Mystery produce at Osh Bazaar 

I’ve promised to take my new Italian colleague to Osh Bazaar, the food market where most people in Bishkek go for their weekly shop. My neighbour Lara came home yesterday laden with carrier bags of tomatoes that she’s planning to bottle for the winter. We meet outside Tsum and take the bus to the opposite end of Chui Prospekt. 

As we approach Osh Bazaar, my colleague falls silent and stares excitedly around her, taking in the men with round flat lipyoshka breads piled high on their handcarts, the one-legged beggars propping themselves against the railings, the old ladies selling pathetic collections of second hand shoes and cracked teacups, and all the other buyers and sellers that converge on Bishkek’s biggest food market. 

Seasonal produce

I’m staring too, because every time I come here the bazaar looks different and I notice something new. You can track the evolving seasons by the products on sale here. The last of the summer tomato glut, squashy and misshapen, lie next to regular hothouse fruits, priced ten times as high. Aubergines are small and wizened now, and the pale green peppers have disappeared altogether. In their place are packets of salted red peppers, lots of onions and carrots, and now miniature green turnips. 
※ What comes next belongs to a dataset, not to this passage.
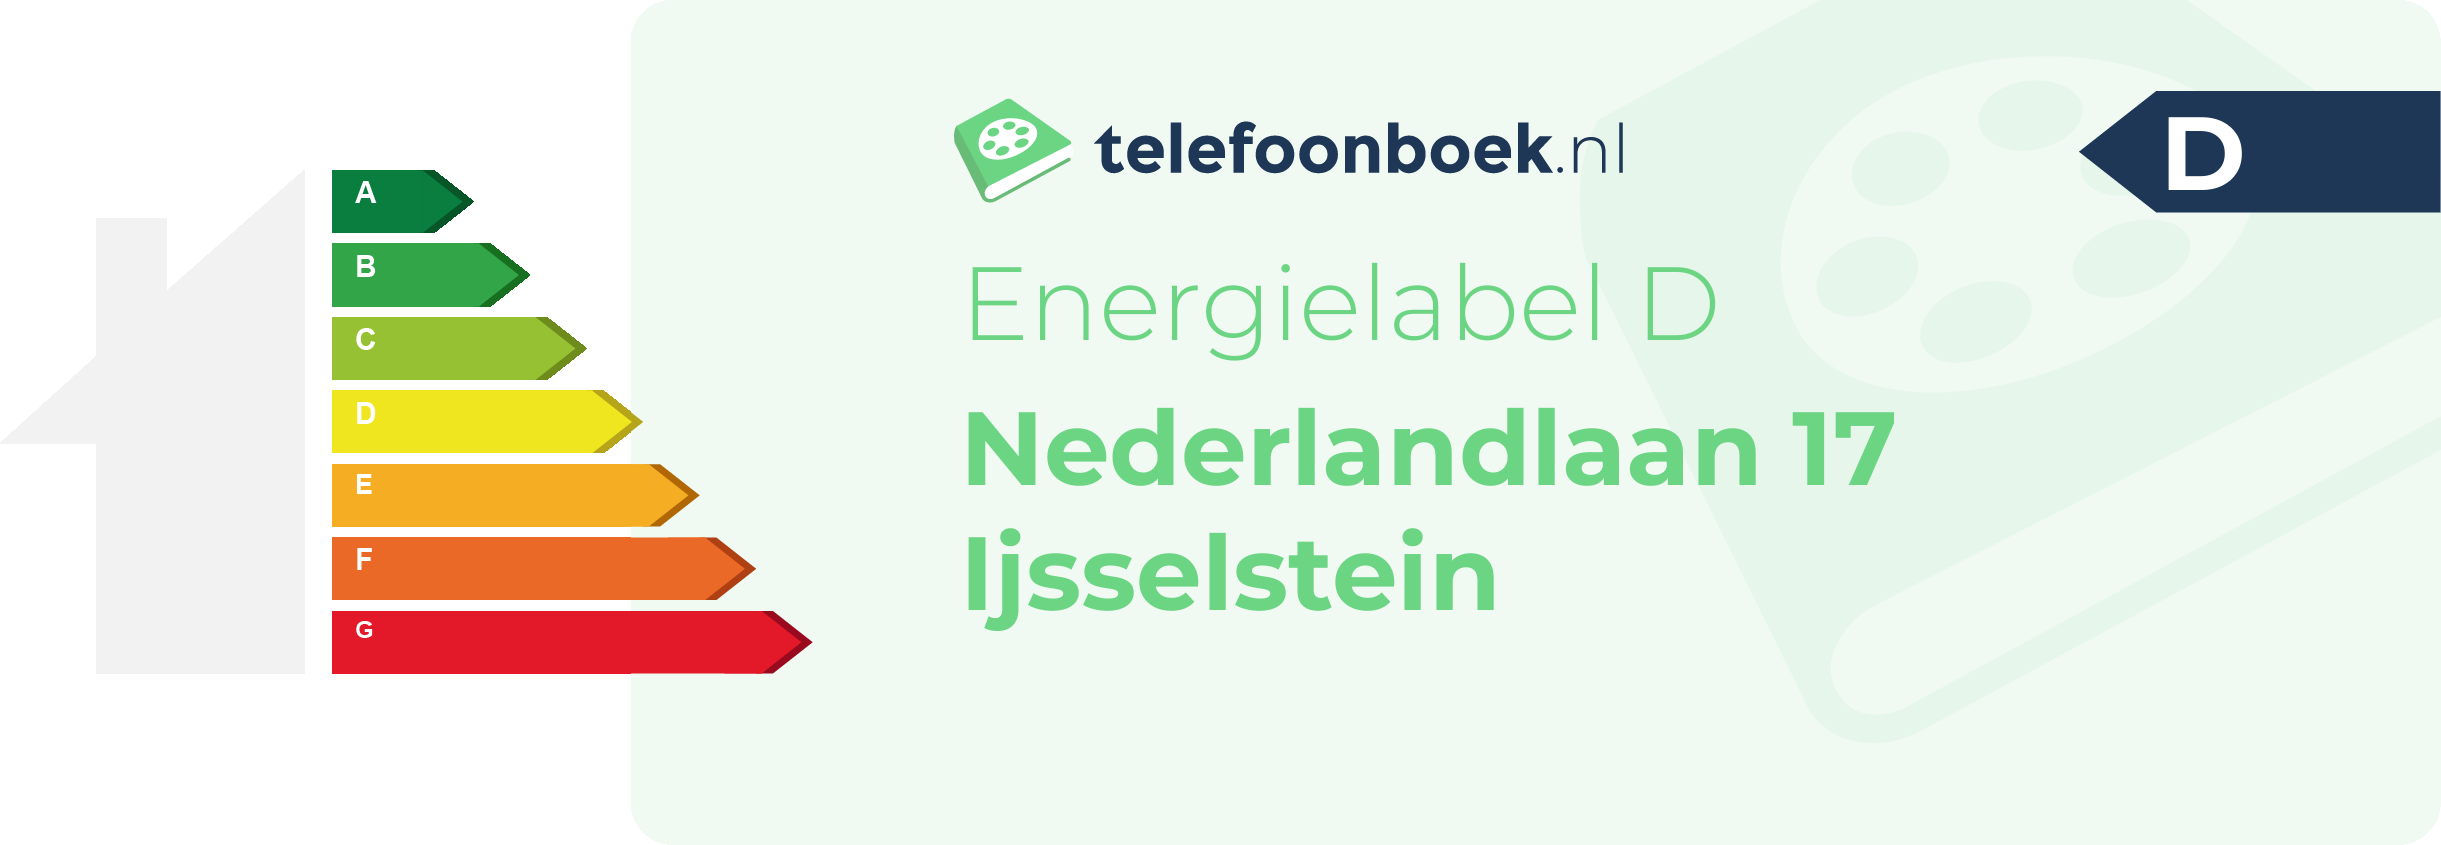 Energielabel Nederlandlaan 17 Ijsselstein

My colleague and I wander round Osh Bazaar pursued by a teenage Kyrgyz boy pulling a cart.

“One dollar!” he yells. “I carry your bags! One dollar!”

He’s keen to work for the rare foreigners that have ventured into Osh Bazaar (I’ve never seen any here), but we haven’t bought anything yet; we’re still walking around staring at the produce, and speculating about what the strange things we see there might be. 

Cooking oil scam

I point out the row of tables holding sticky-looking jars of oil, every colour of the spectrum between pale lemon yellow and ruby red. The vendors lift a ladleful when people pass, showing them how their oil flows smoothly back into the jar. 

“Better not buy it here, though,” I say to my colleague. “I just read an article in Vecherniy Bishkek saying Osh Bazaar market inspectors found some people selling industrial oil instead of cooking oil.”

I buy some honey in an old Nescafe jar, then we go to look at the fruit and vegetables. My colleague, who speaks better Russian than I do, gets into the haggling, and demands that every trader gives us a taste of their food before we buy it. It’s fun having a new friend, someone to go around with. We try slices of Sharon fruit that neither of us have tried before, biting into the hard citrus fruit and feeling the acid taste on our teeth. 

Mystery produce

In another aisle men are shovelling little brown pellets that look like the tiny poos my gerbils produced out of sacks and sealing them deftly into tubes. The plastic packets flash between their dark fingers as they work. 

“Try some girls!” they yell. 

“But what is it?”

“Tobacco!”

We’re also mystified by the floury white balls, about the size of marbles, spread out on a Kyrgyz woman’s stall. 

“Are they sugar?”

“Cheese?”

“Mushrooms?”

Every time we make a suggestion the trader laughs harder. 

“Milk!” she gasps at last. I later find out that balls of condensed sour milk are a Kyrgyz speciality.

At the end of our tour around Osh Bazaar we are laden down with flimsy plastic bags that we load onto a marshrutka going back towards Soviet Street.